Idk typing +1 seems easy enough... 1:N == union(1:(N÷2), (N÷2+1):N).

But really, these discussions are funny to me - each side pretending their convention is how God intended indexing to be done. You see it's naturally composable because N/2 shows up twice, which is really the perfect amount of times to show up, and as you recall I just defined composable in that way (not to mention it matches the fact that N/2 occurs twice in [0, N)!)

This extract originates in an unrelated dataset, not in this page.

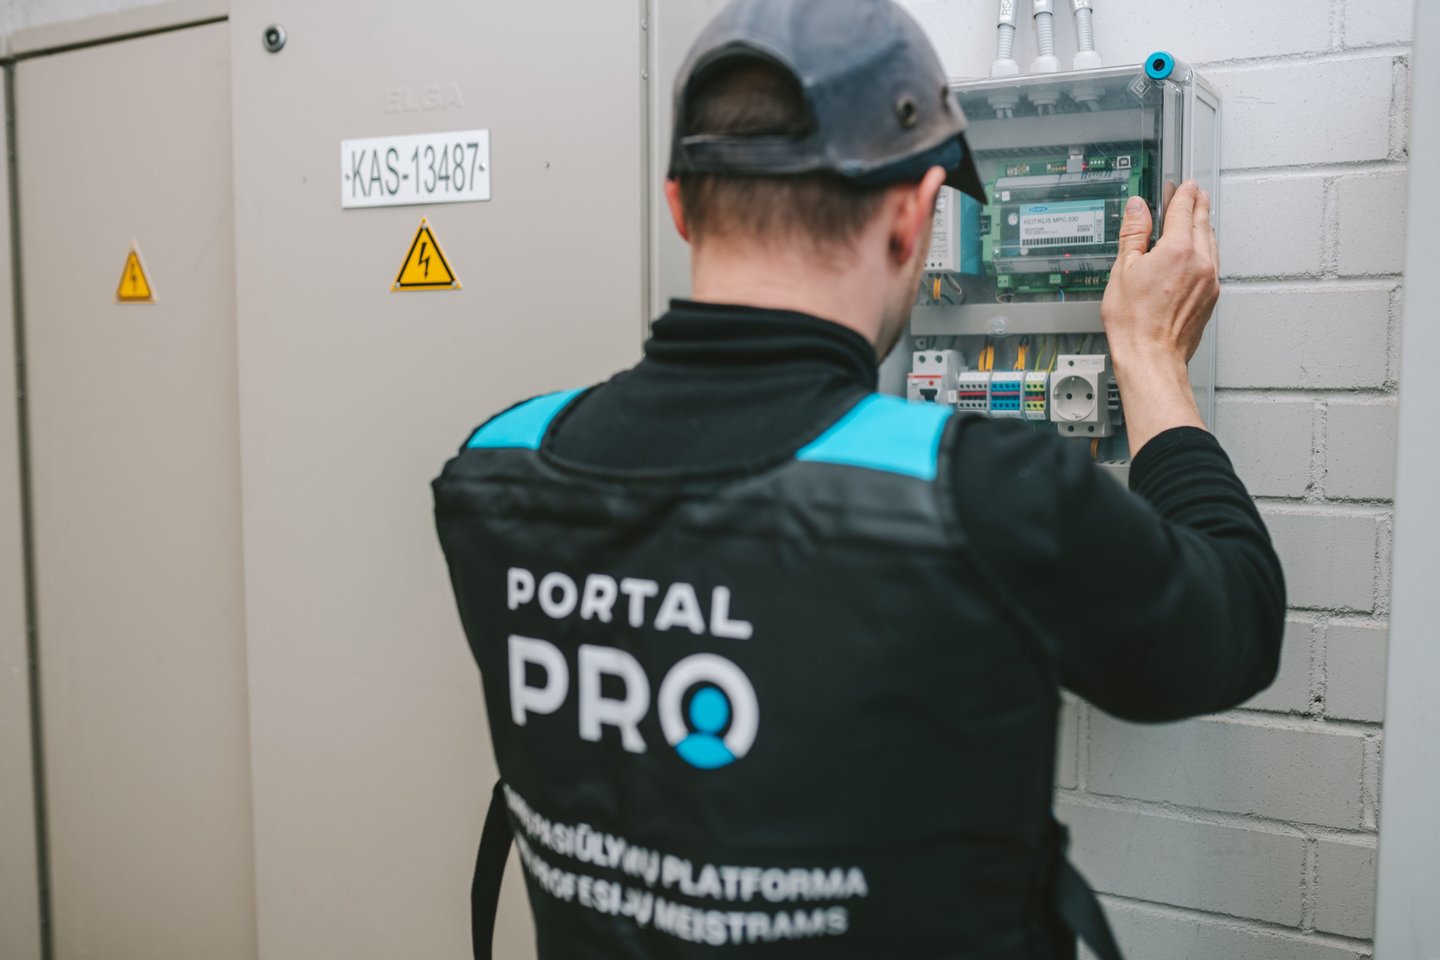 Naujausių informacinių technologijų sprendimais grįsta „PortalPRO“ yra didžiausia Lietuvoje sistema, kuri vienija skaidraus ir gero uždarbio ieškančius meistrus.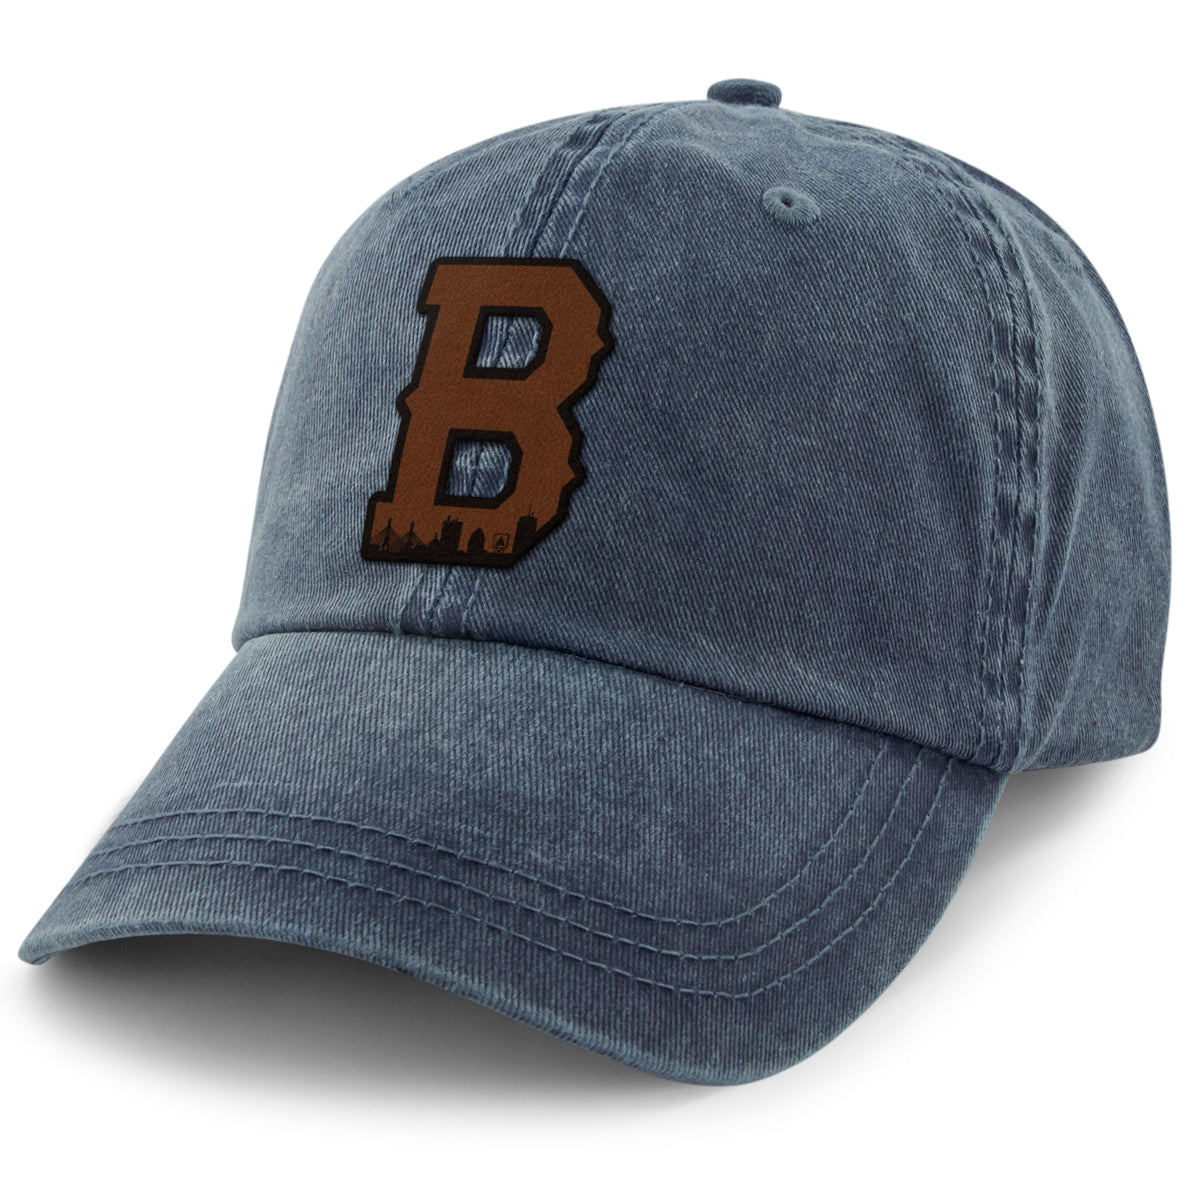 Boston B Skyline Leather Patch Washed Dad Hat - Chowdaheadz

In python this is natural way to do ranges, and in Julia you have to remember this pesky +1

In Python (C, C++ with whole STL) you could split in the middle, or at any M

[0...N)=[0...M)+[M...N)

You could split it k times at any boundaries, still

[0...N)=[0...M1)+...+[Mk...N)

Another important thing is that number of elements to process is exactly the difference between last and first index of the range

https://www.cs.utexas.edu/users/EWD/ewd08xx/EWD831.PDF

> number of elements to process is exactly the difference between last and first index of the range

And in Julia, it’s

  length(a:b)

which also works with non-unit step sizes like

  length(a:x:b)

The intent of these expressions seems clearer than the intent of `b-a` and `ceiling((b-a)/x)` with your proposed approach in a zero-indexed language.